**ABOUT THIS TASK:** When you reach the line below that has "An authentic CHANEL", start returning lines exactly, and stop after the line that has "Late 20th Century"; skip the pictures.

──────── INFORMATION SHOWN

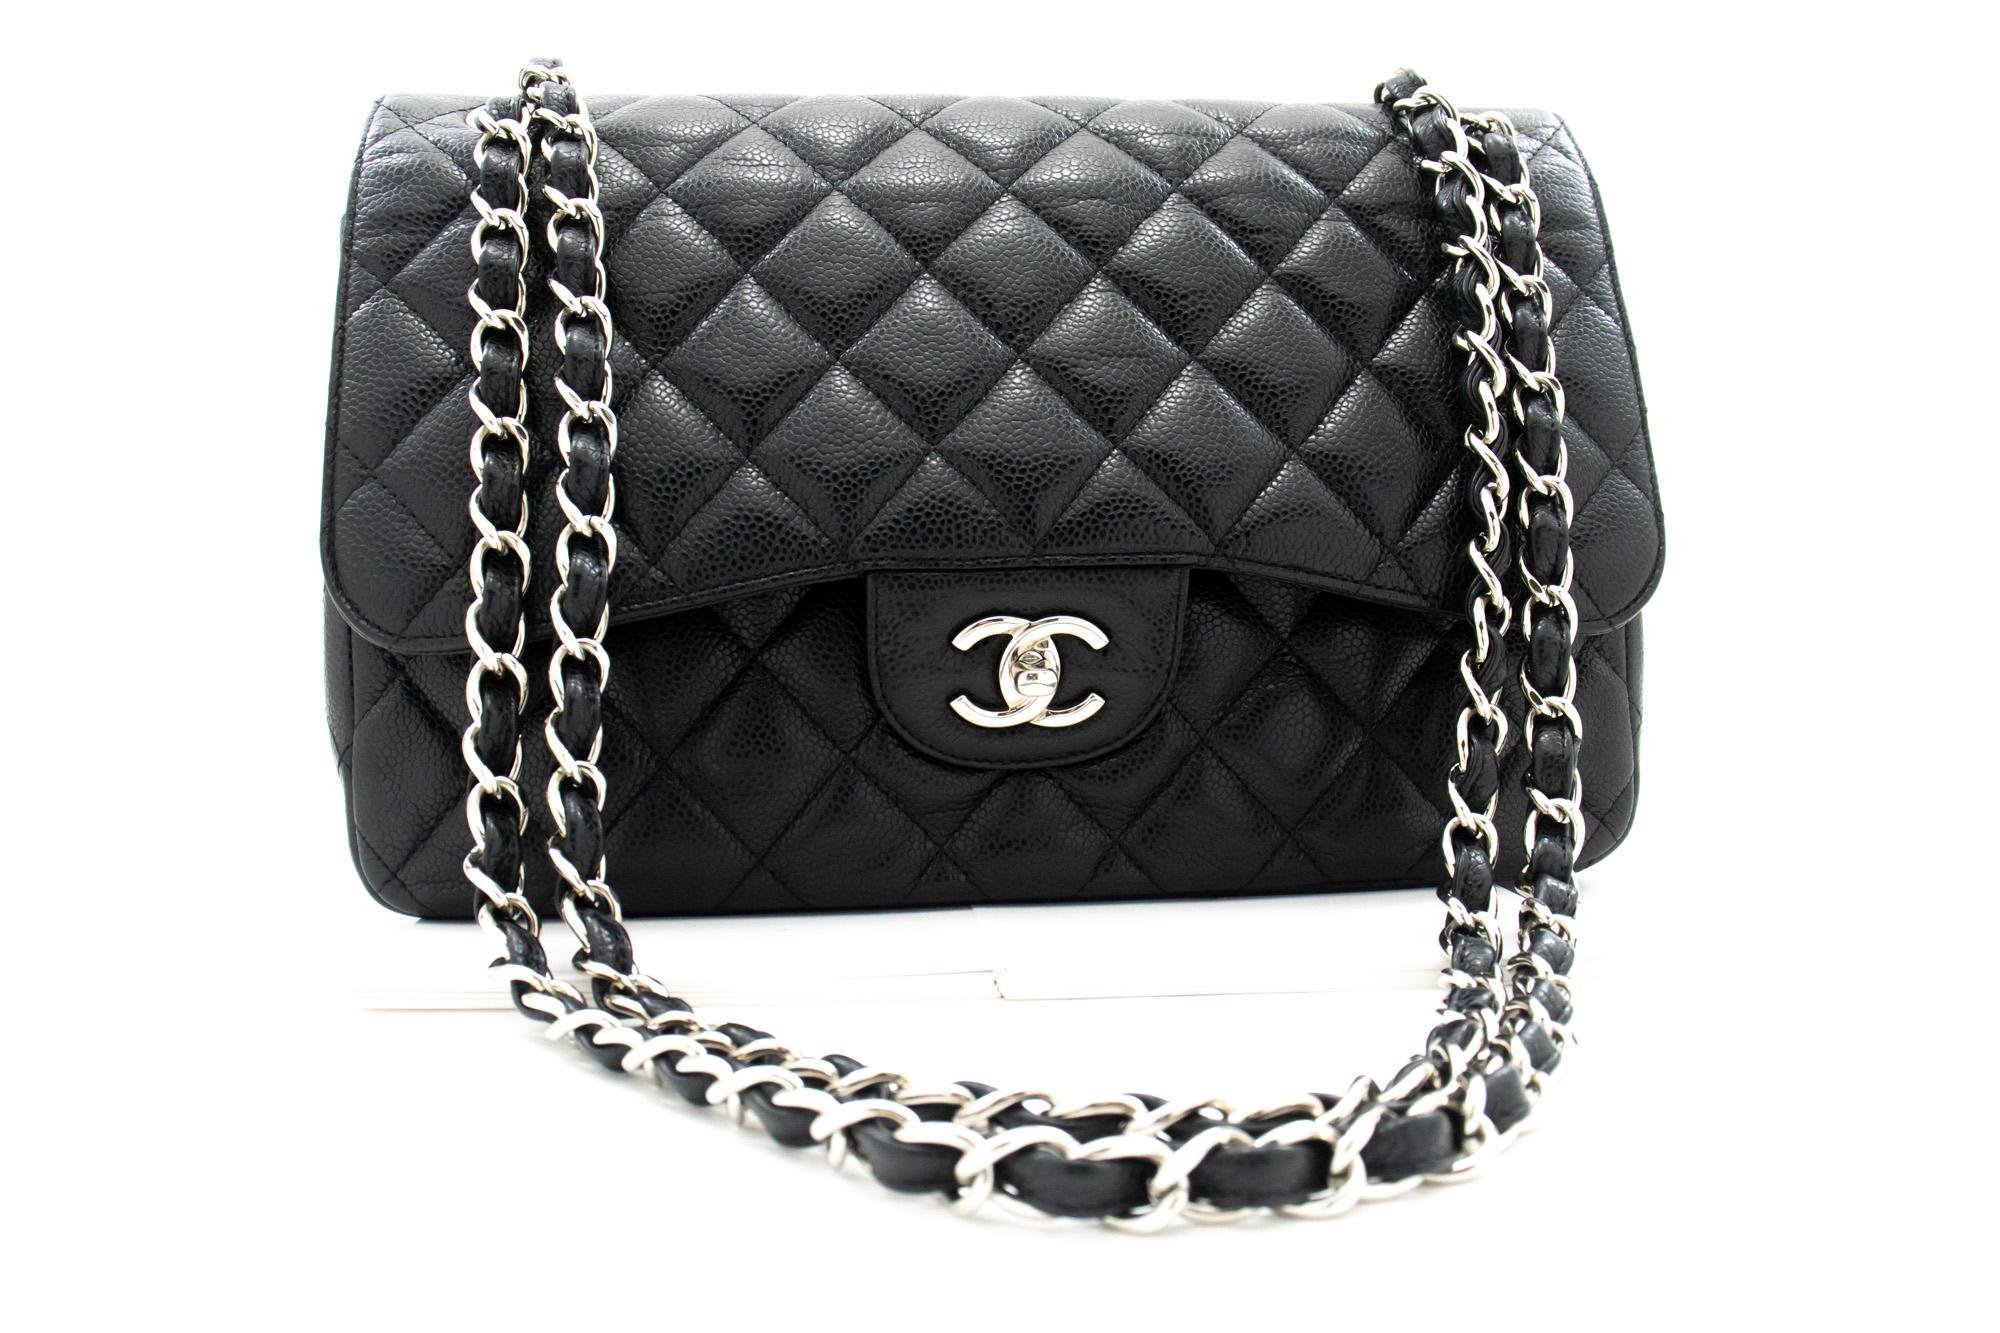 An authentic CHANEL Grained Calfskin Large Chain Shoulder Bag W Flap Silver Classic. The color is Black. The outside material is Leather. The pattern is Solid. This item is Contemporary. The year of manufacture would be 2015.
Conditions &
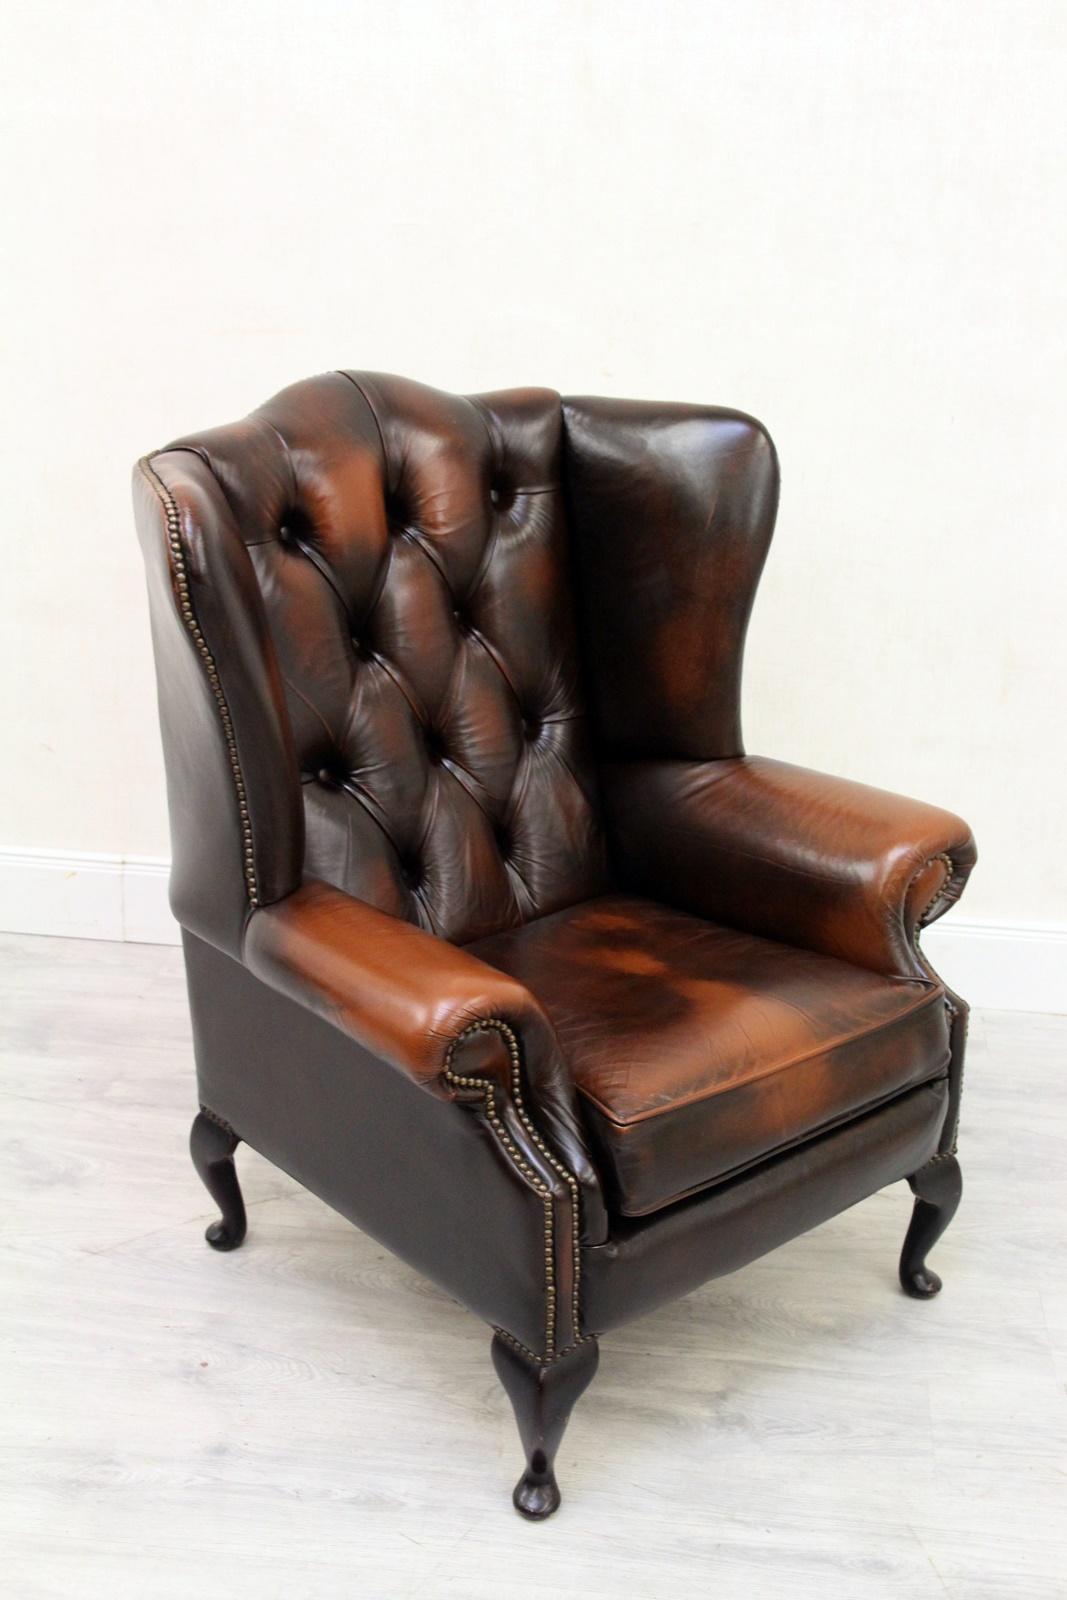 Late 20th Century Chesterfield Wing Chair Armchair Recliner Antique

────────────────
──────── INFORMATION SHOWN

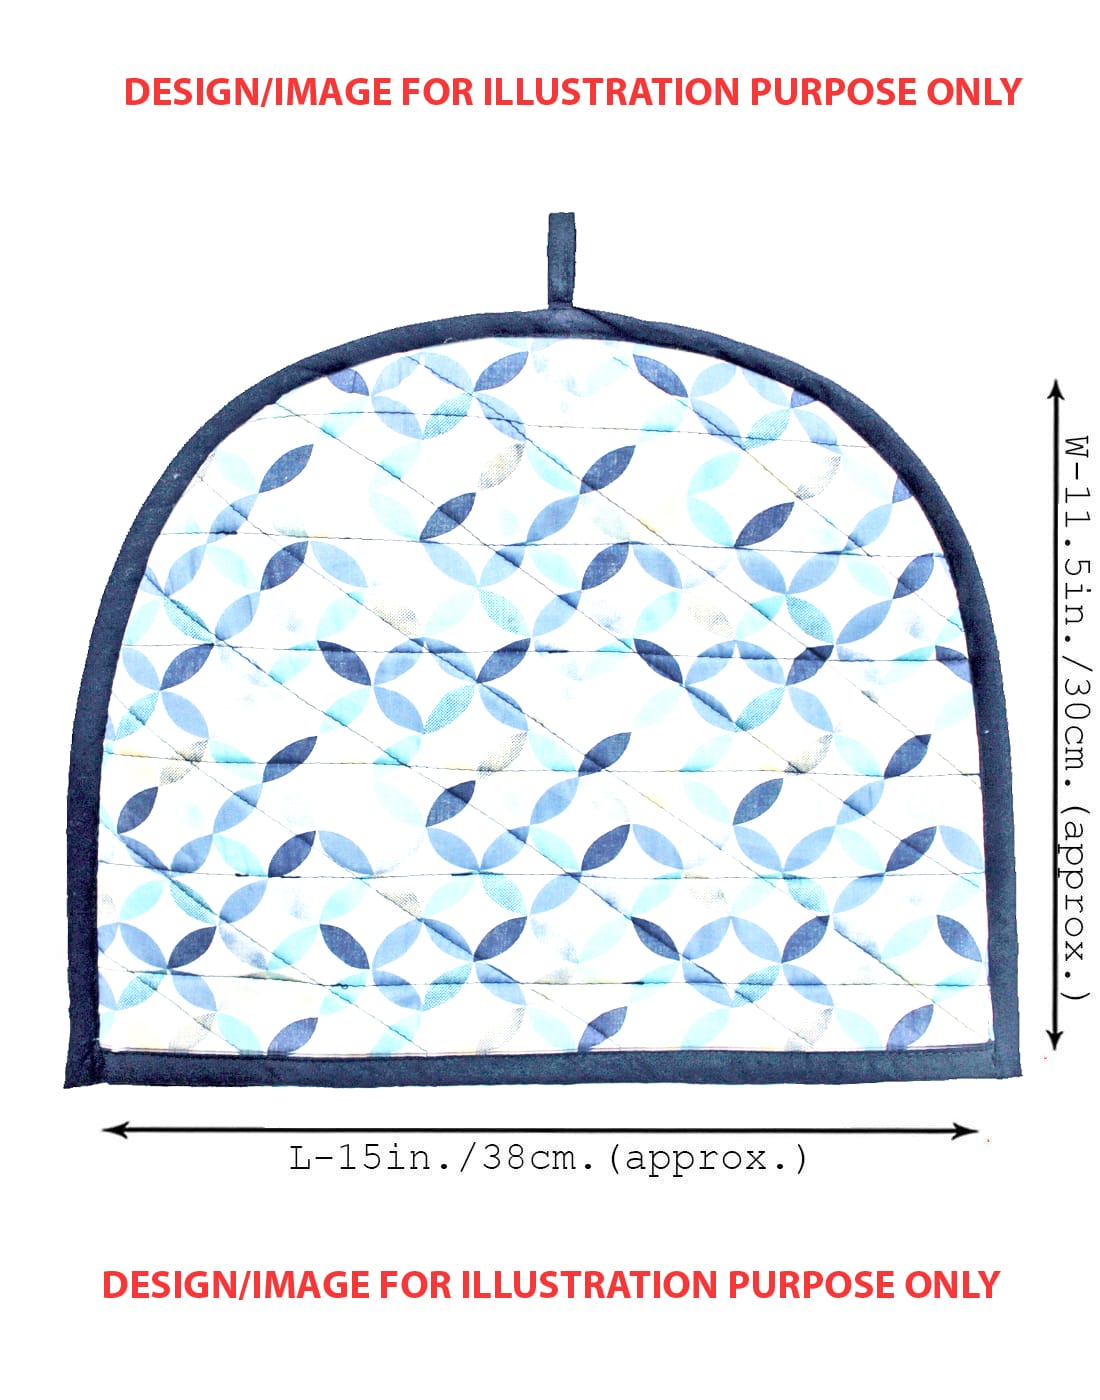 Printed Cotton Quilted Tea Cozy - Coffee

────────────────

**TASK SOLUTION:**
 An authentic CHANEL Grained Calfskin Large Chain Shoulder Bag W Flap Silver Classic. The color is Black. The outside material is Leather. The pattern is Solid. This item is Contemporary. The year of manufacture would be 2015.
Conditions &
 Late 20th Century Chesterfield Wing Chair Armchair Recliner Antique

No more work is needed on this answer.